The Managing Director, Lagos Deep Offshore Logistics (LADOL), Dr Amy Jadesinmi, said that the company had invested $4 billion since it started operations and presently working on a $500 million-dollar project top improve on infrastructure.

Jadesinmi said that the company had yet to enjoy government’s support and called for a level playing ground for all the operators in the oil and gas sector.

“We need local collaboration between public and private sectors. There is a very small market and everybody is struggling to have 100 per cent business in the global market.

“There is need for local fabrication capacity which is operated in South Korea and other developing countries,’’ she said.
Jadesinmi said this measure would pave way for a company to support 100 other companies through local collaboration.

“With the challenges we are facing, we cannot increase our Turn Around Time but if we increase the local fabrication capacity by bringing in metals for fabrication,’’ NAN quotes her as saying.

Jadesinmi urged the Nigerian Ports Authority (NPA) to bring all the stakeholders to a round table to key into a master plan to make Nigeria a hub of West Africa.

The Managing Director of NPA, Ms Hadiza Usman, said that her management would create a level-playing field for all operators.

She said that the ports authority would look into the issue and see where the management would provide support for all oil and gas operators.

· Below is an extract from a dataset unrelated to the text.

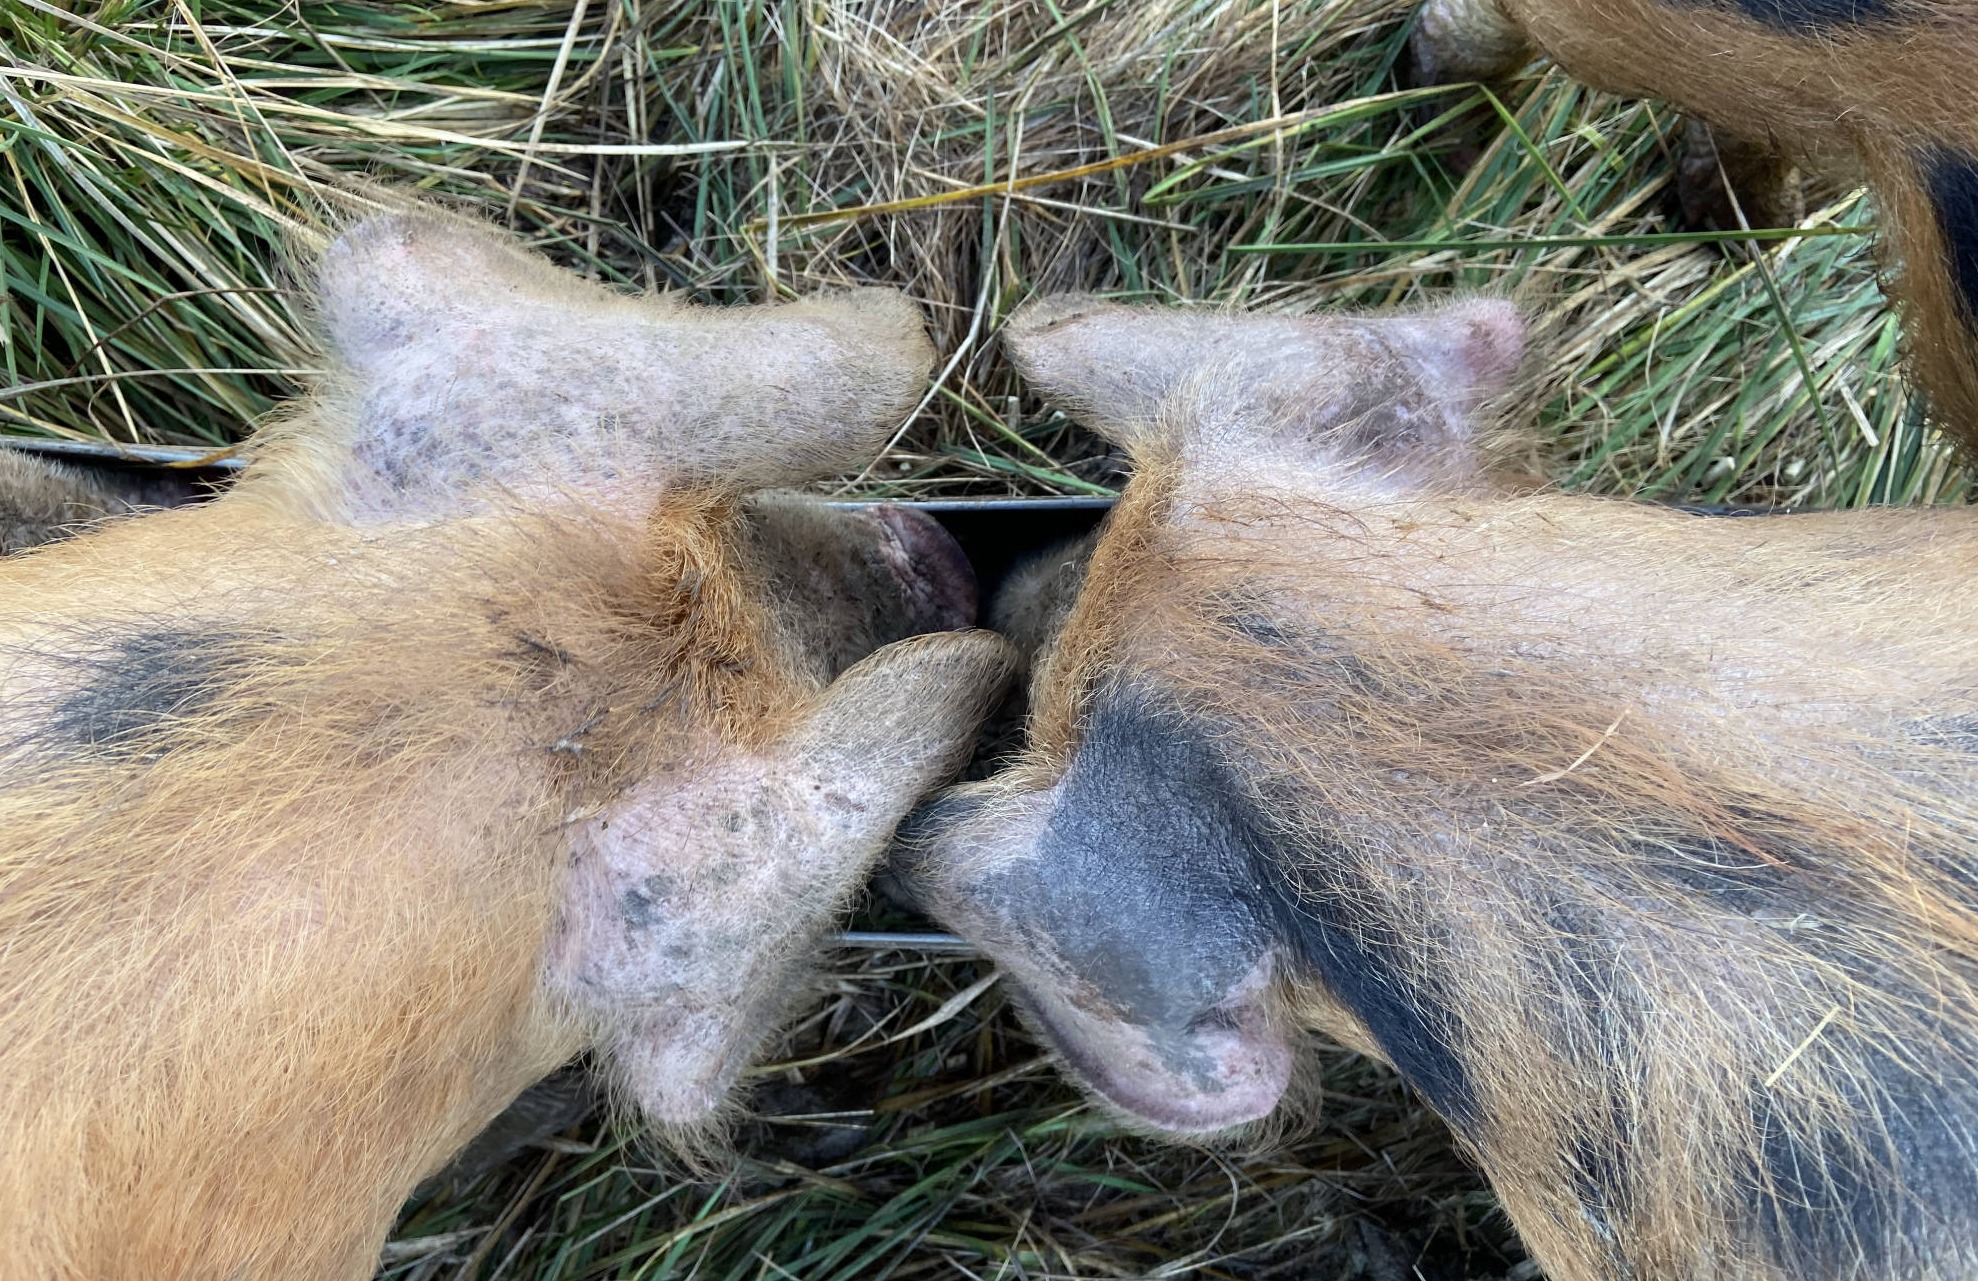 Two Oxford Sandy and Black pigs feeding from their organic feed

Usman said that the management of NPA appreciated the need for local content development and assured the operators that the management would in the next few months, look into the legislations mentioned by the operators.

She said that the management would find out whether there is any existing law.

Usman said that NPA would ensure proper regulation, transparency that all operators and government would appreciate and understand.

“Any monopoly which might be existing would not be acceptable,’’ NAN quotes her as saying.

Usman said that NPA would confirm the status quo in oil and gas operations.